Initially, we are taken in by the camaraderie, the continuous back and forth between friends Dave (lead programmer and major party animal, voiced by creator Adam de la Peña) and Jerry (far more concerned with conformity). Then the differing dynamics between uber nerd Todd and ultra-feminist Mary add additional spice. When you toss in the amiable villainy of loose canon Larrity, his buttheaded son, and the ancillary players in this narrative mishmash, we find ourselves oddly won over. As things progress, we start to see the actual nods to the beginning of the entire videogame revolution. Famous names in the community (Nolan Bushnell, Steve Wozniak, Gary Gygax) tweak their own regal reputation, and suddenly the show is more than just slackers acting silly.

It all begins, brazenly one might add, with “The Woz”, featuring the former Apple pioneer. It’s the perfect set up for the show, and leads brilliantly into the very inside (and very funny) “E.T.” The episode reams Atari for creating one of the worst movie tie-in games of all time, and it features a fabulous ending that lashes out at George Lucas as well. The film connections keep coming, as a recognizable Tony Montana type helps Dave and Jerry finance their own business, and between Breakfast Club riffs (in “Todd Loses His Mind”) to the various direct lifts from famous videogames (Super Mario Brothers, Castle Wolfenstein) this is one of the more clever and concrete spoofs out there.

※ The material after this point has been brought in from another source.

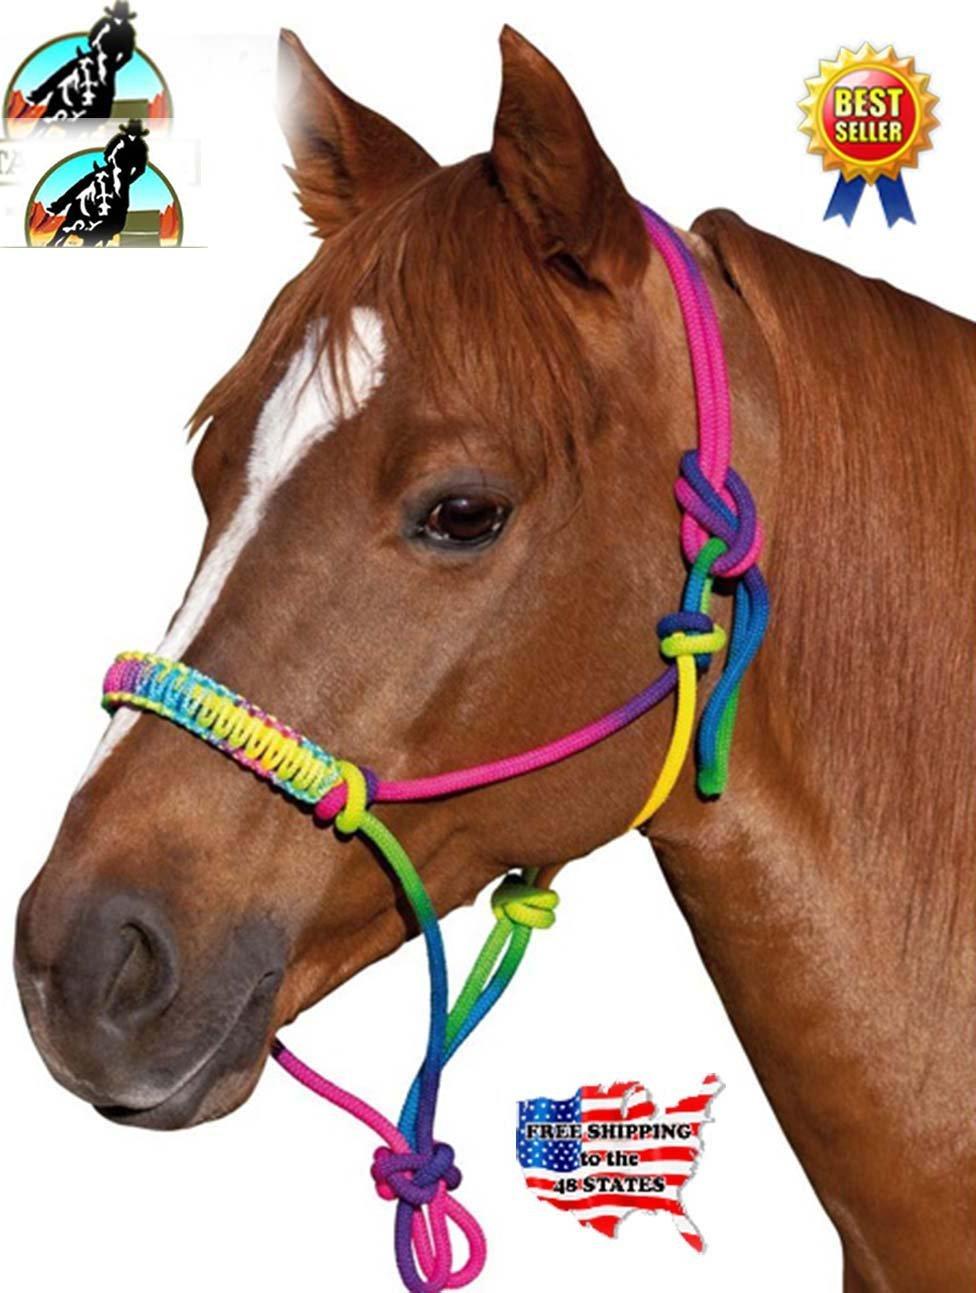 Buy Prorider Nylon Braided Horse Rope Halter Noseband Tack Rainbow 606120 In Cheap Price On Alibaba Com

But it goes beyond pure lampoon. What’s clear here is that de la Peña really ‘gets’ the ‘80s. His insights into the decade, either personal, political, and professional are dead on. As is the design. You sometimes forget you are watching an animated series. Instead, you think your Sega Dreamcast has risen from the dead and started programming your TV’s picture tube. The visuals here provide a definite “wow” factor. On the other hand, it’s hard to say if this is laugh out loud hilarious. The jokes come flying so fast and furiously, and the reactions cutting several beats out of the standard satiric type, that you can easily get lost and lose the humor. Still, there are moments that definitely tickle your tendencies - especially if you grew up loving your Intellevision.

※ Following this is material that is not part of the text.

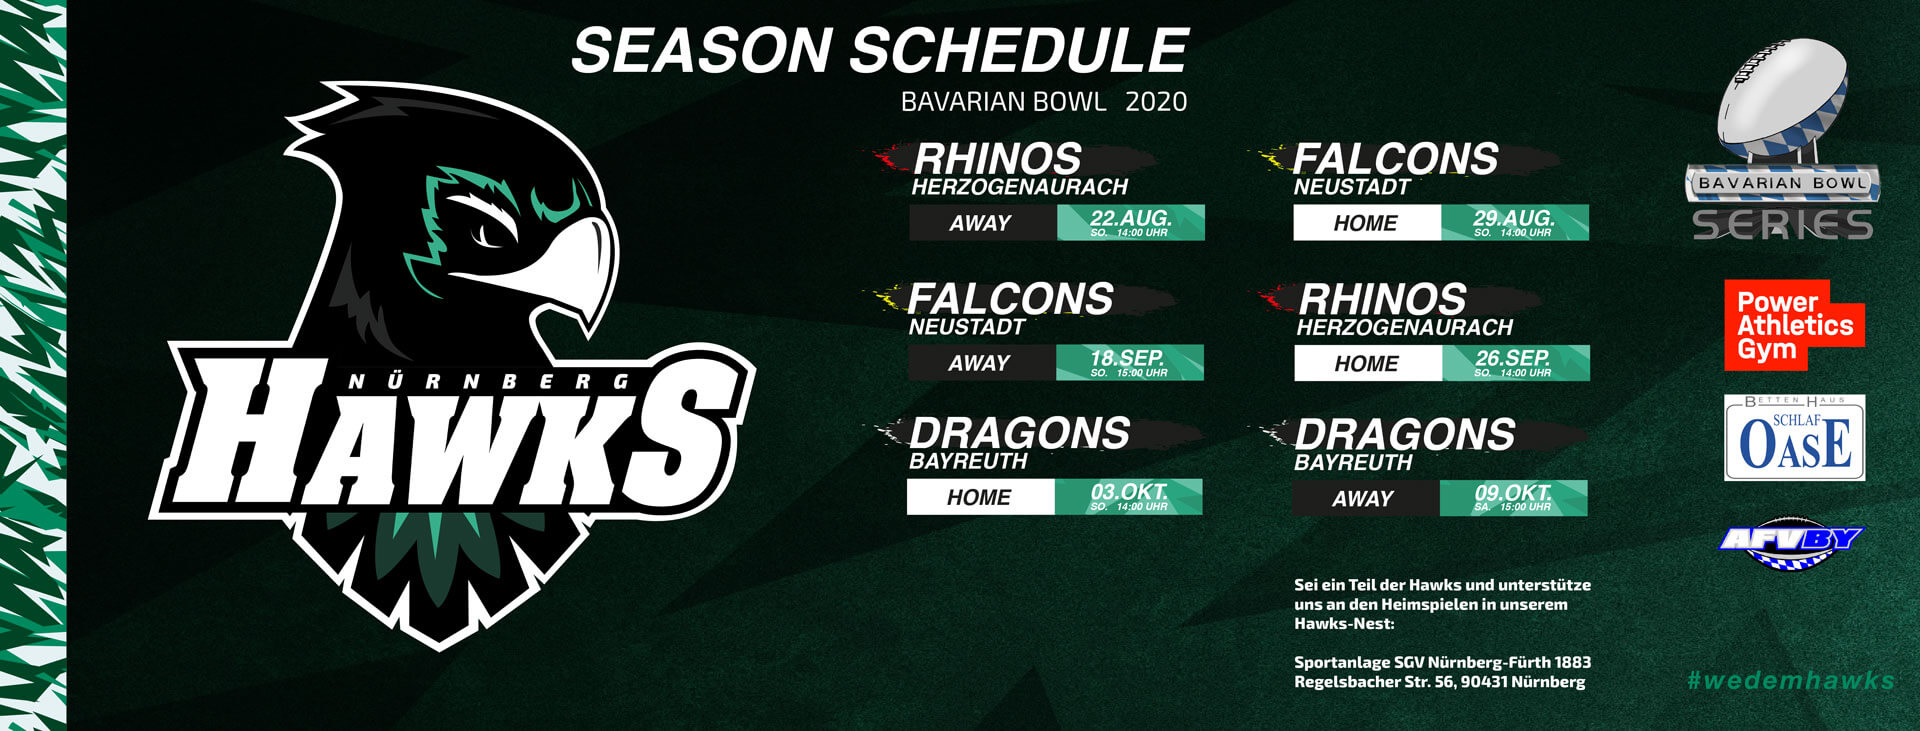 season-schedule-21

As DVDs go, Shout! Factory really doesn’t deliver a definitive set. The fluffy bonus material may be appreciated by those really into the premise, but there’s very little backstage stuff. Even odder, the series never announces the voice cast during the opening and closing credits. It will take a trip to IMDb to discover such treats as Aqua Teen titan Dana Synder doing the voice of the Dungeon and Dragons addicted Todd. Also, without a working knowledge of the medium’s past, it may be hard to appreciate some of the creative cameos that eventually show up. Still, for such an off the beaten path production (G4 isn’t exactly a household name), the packaging here is perfectly fine.

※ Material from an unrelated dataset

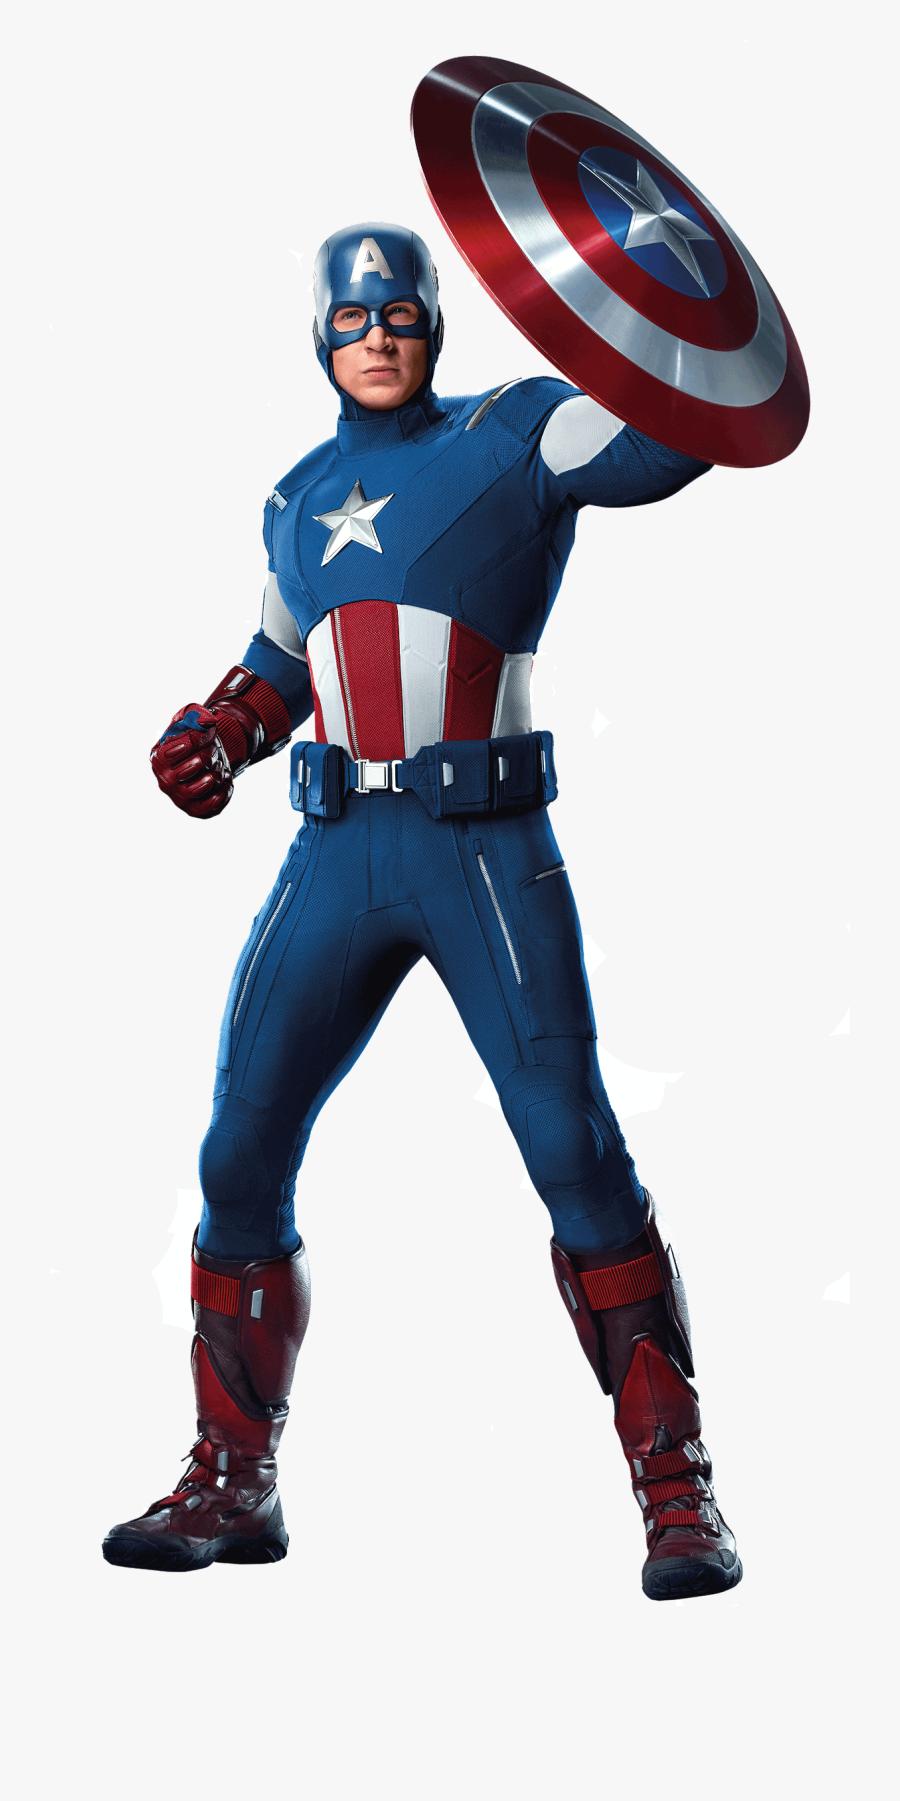 Captain America Team Png - Captain America Avengers 2012, Transparent Clipart

Upon reflection, what is obvious about Code Monkeys is it’s nerdisms. It really does illustrate how geeks and the concerns of celluloid finally came together to wage war against boring entertainment and even more mundane cinema. The minds making the first videogames were lonely obsessives who disappeared inside arcane technology, rarified intelligence, and a shared love of all things fringe - including certain cult films. That two decades later that would become the Tinsel Town production norm is just another facet of Code Monkey‘s indirect appeal. On the outside, this is nothing more than profanity among programmers, Dig a little deeper, and you see our current culture finding its footing - for better and for worse.